I have written some code to extract the data from a website, but the results are different to what I see in the browser. I noticed this as i have a function running thorugh pages 1 to 22, but I have loads of duplicates

 

Take this page

https://www.legionellacontrol.org.uk/search/?c=11&q=&r=&p=18 

 

If i just paste that as a web date source in Power query I get completely different companies. See excel here

Legionella 

 

this is with absolutely no processing.

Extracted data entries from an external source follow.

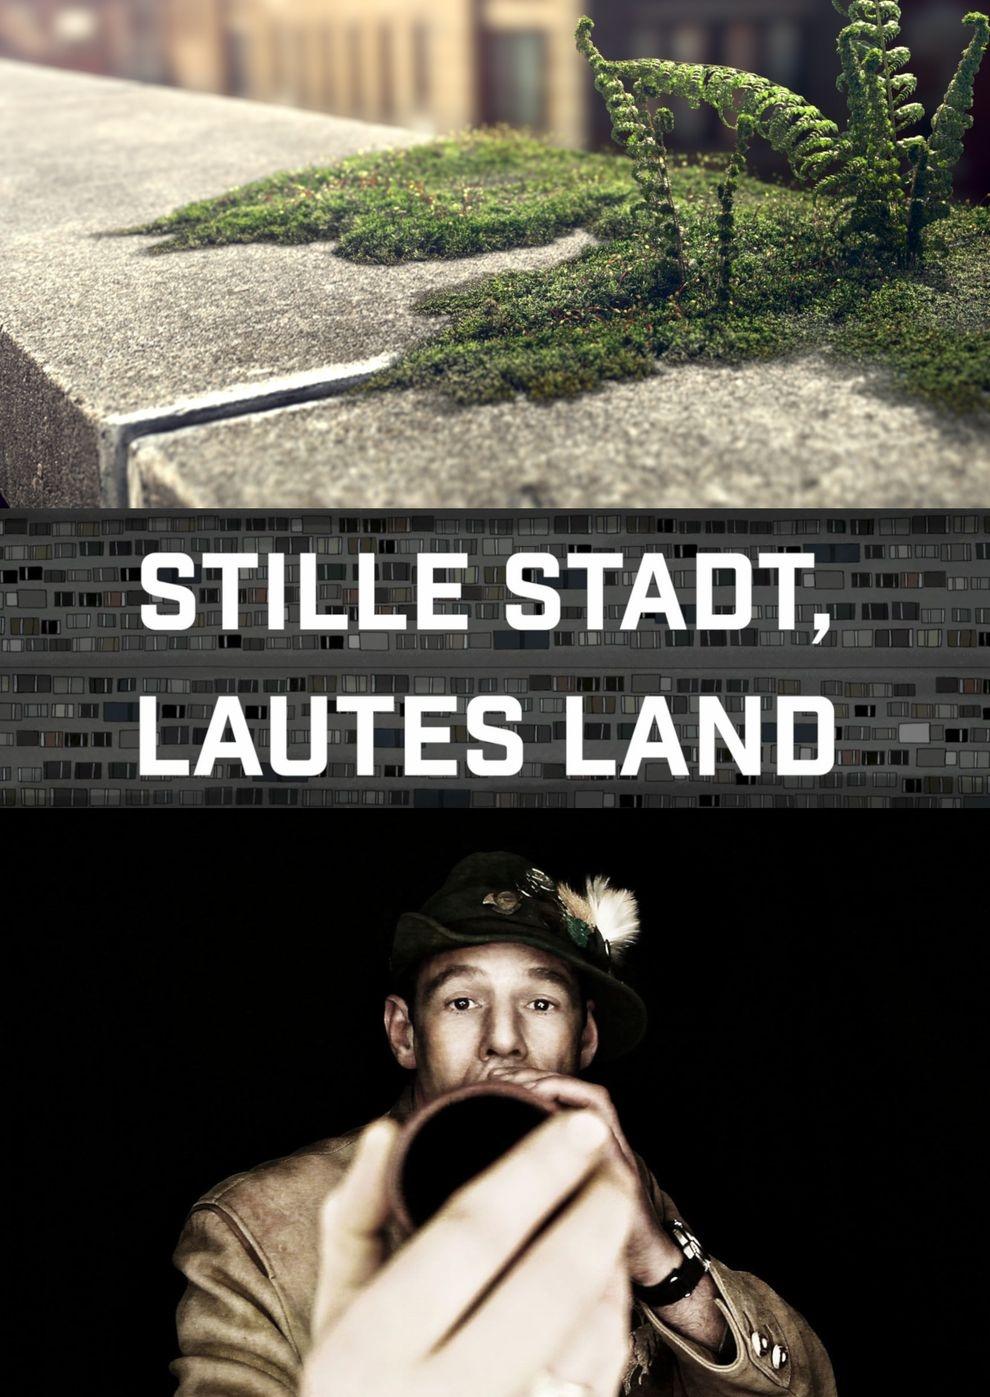 Stille Stadt, lautes Land (Poster)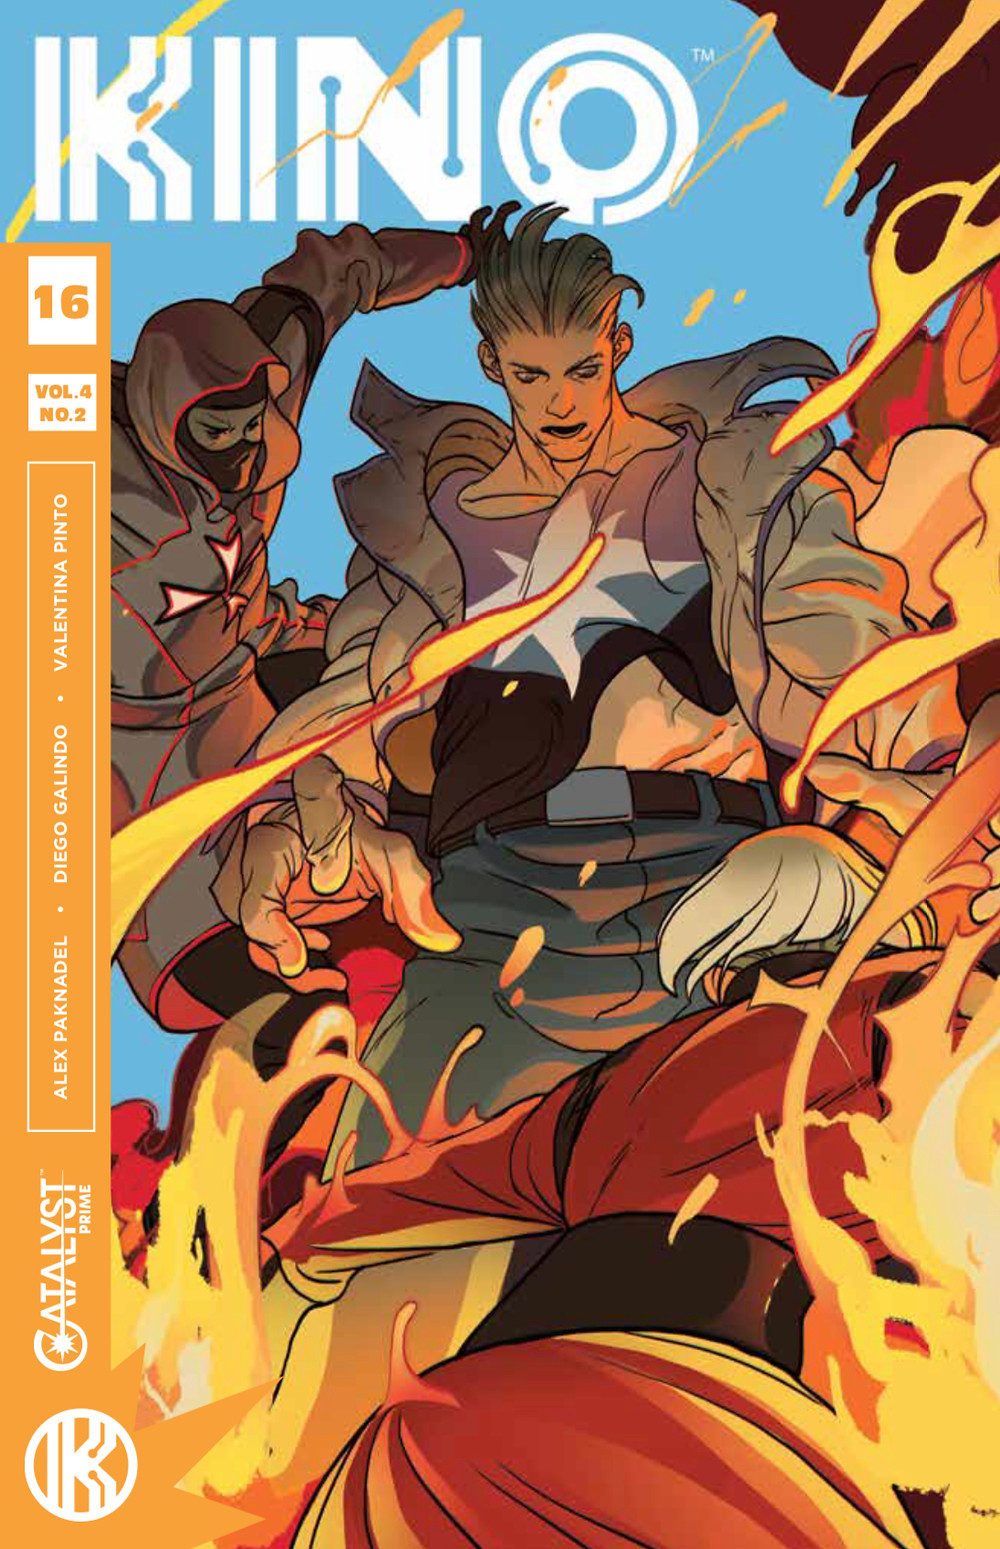 KINO, Issue #16, cover by Baldemar Rivas, Lion Forge, Paknadel/Galindo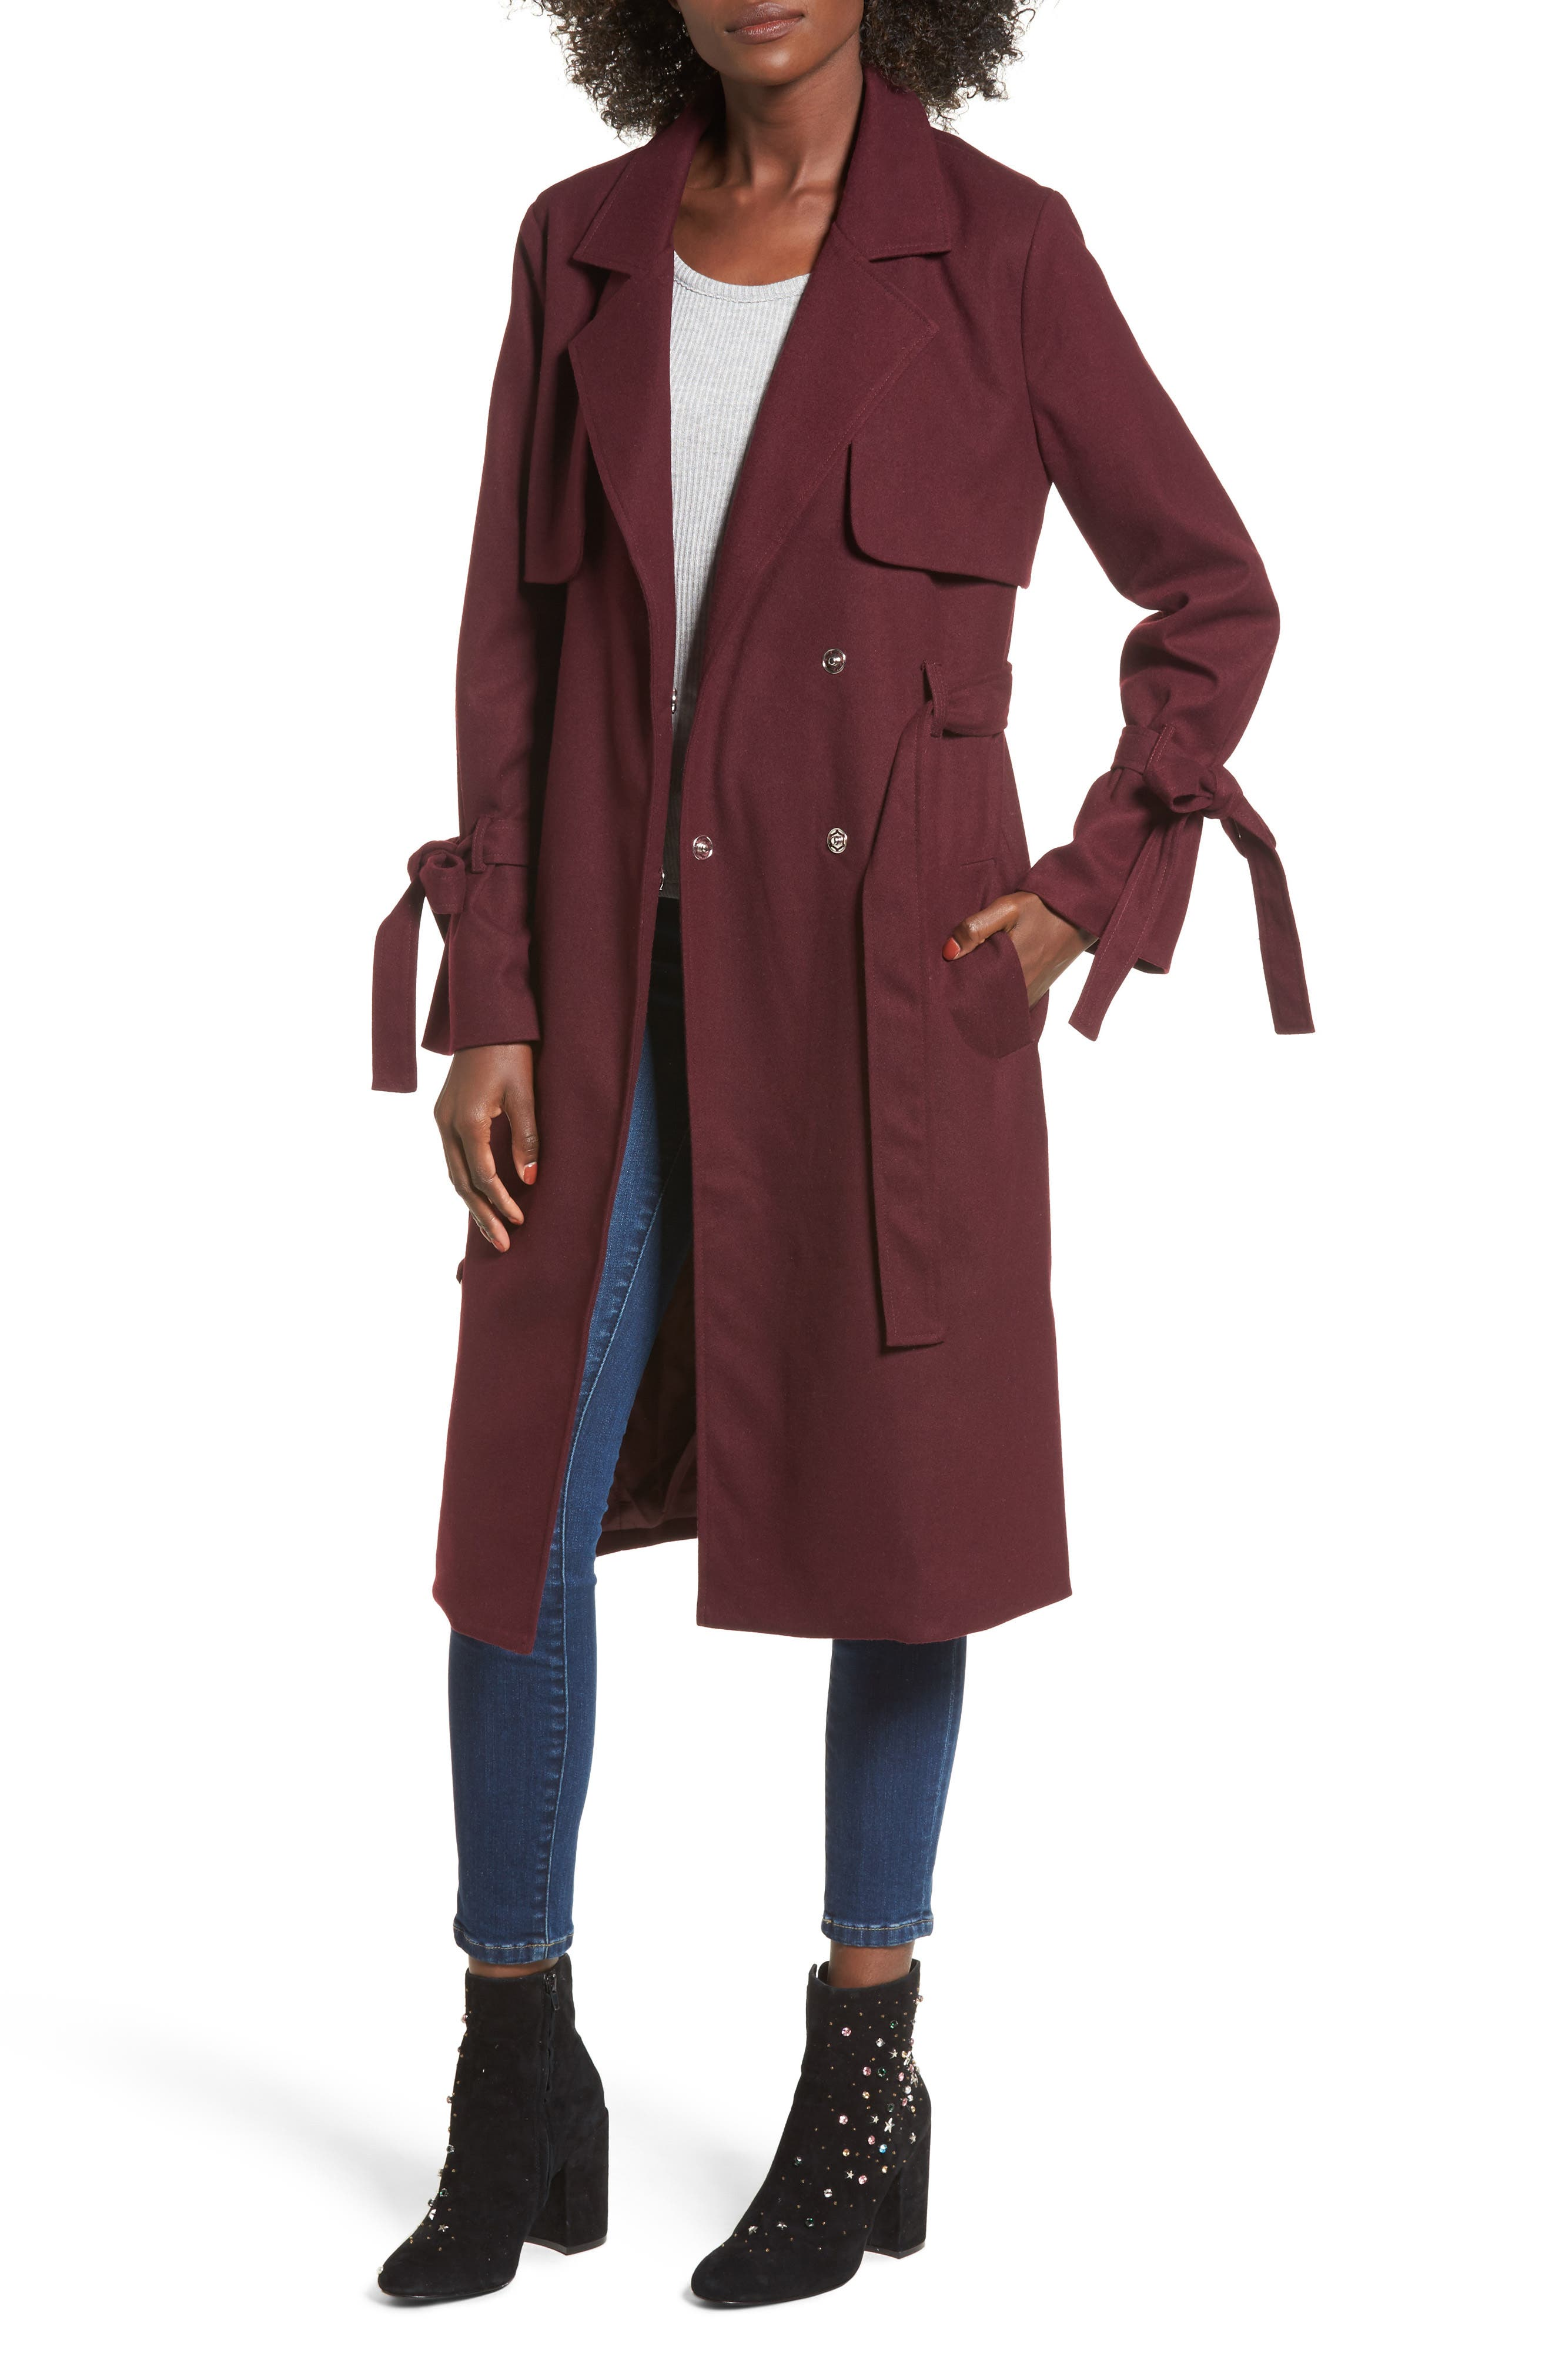 J.O.A. Tie Sleeve Trench Coat

How can this be?  is this some clever dynamic listing on the website to stop people scrapping the data?  Any advice appreciated

 

Power query is returning which are not the companies on that web page

Water Logic Works Ltd
Coral Environmental Ltd
Titan Water Limited
CLIRA Limited
Trident Water Solutions Limited
Brighter Compliance Limited
Direct-Tech Solutions Limited
Lucion Services Limited
HLA Services Limited
Riverside Environmental Services Limited
Acorn Environment Services Limited
Environmental Essentials UK Ltd T/A EE UK Ltd
H2O Environmental Services Ltd
Aqua B Group/LTM Compliance
Bureau Veritas UK Limited
9 REPLIES 9
v-kpoloju-msft
Community Support
Community Support

Hi @mike_asplin

Thank you for reaching out to the Microsoft Fabric Community Forum. Also, thanks to @Natarajan_M@ronrsnfld,  for those inputs on this thread.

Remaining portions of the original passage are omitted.